Suppliers, ask yourselves: Do your catalog or availability pictures showcase the sizes of plants you want to sell or are there images of sizes you no longer carry?Are the pictures in focus, brightly colored, and crisp? Do you have pictures taken at your location or are they obviously from a different source? (Showing some of your location helps build trust that what you’re selling actually comes from you.)If you only showcase some of the items you sell due to space constraints or costs, are you showcasing your high-value, or high-volume items?

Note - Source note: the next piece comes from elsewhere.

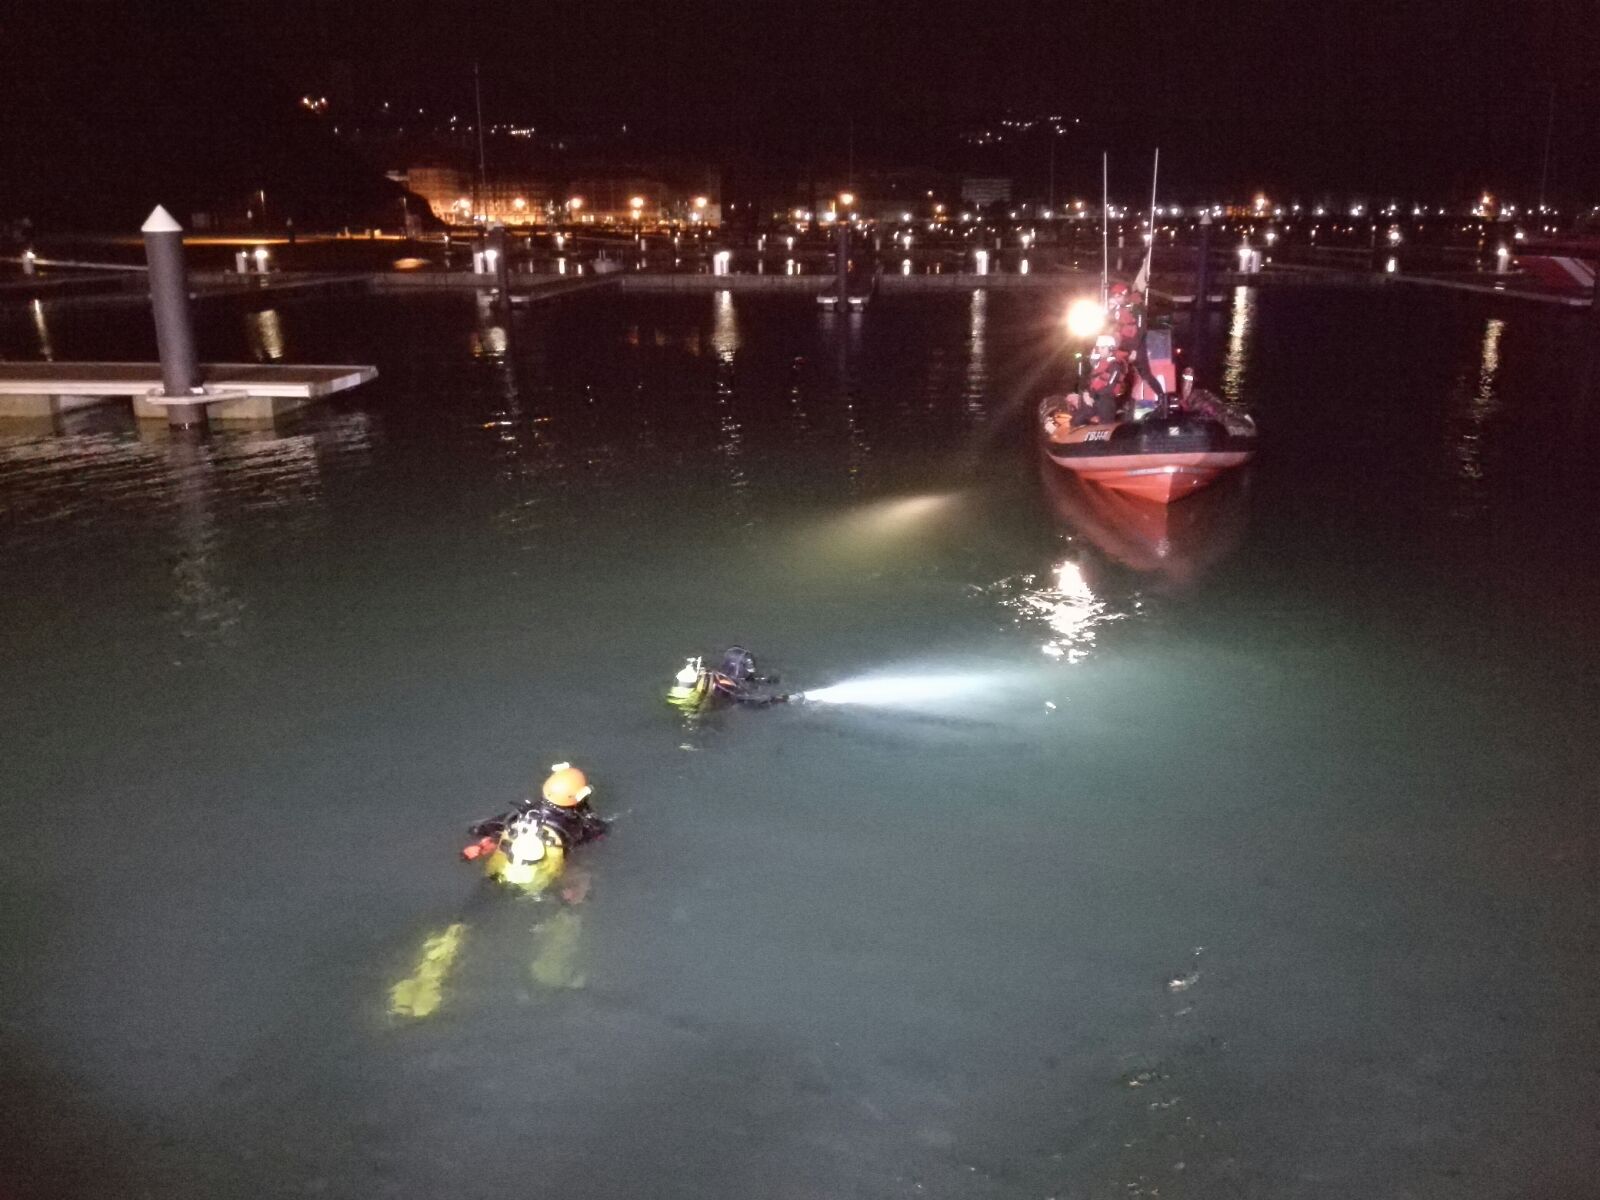  Fallecen dos jóvenes al caer su coche al mar en el Puerto Deportivo de Laredo

In our industry, pictures do the talking far more than words, so make sure your pictures are working for you. If they’re not, update them.

Review of Growth Goals

Do you ever look around, think about your work, and say to yourself, “How did I get here?” You could be completely happy with the way your business has grown. Or, maybe, you feel like you want to be doing something else.

Whether you’re happy with how your business has evolved or you want to grow in a new direction, taking time to thoughtfully evaluate where you are, how you got there, and where you want to be next year or in five years will let you continue to stay on a personally and financially fulfilling path.

Ask yourself these questions:

For which products and services do I receive the most referrals?

Which products and services that I offer lead to the most repeat business?

Of the first two, which products and services do I most enjoy producing? Which products and services that I enjoy producing have the highest ROI? (You’ll want to shift your sales focus to those — the ones you enjoy that actually make you money.)

Which products and services do I need to stop offering or producing?

Which ones are high input and low reward?

Which ones irritate you (and upping the price won’t help)?

Which ones could be better offered by other providers?

Asking these questions will help you narrow your focus and deliver superior products and services. By focusing, you’ll become the “go to” provider for products and services that make you money and make you happy. Rather than letting your business blow wherever the wind takes you, spend a few minutes charting your course for the year ahead. Then, in 2020, make sure your hand is on the wheel, guiding the ship on your intended path.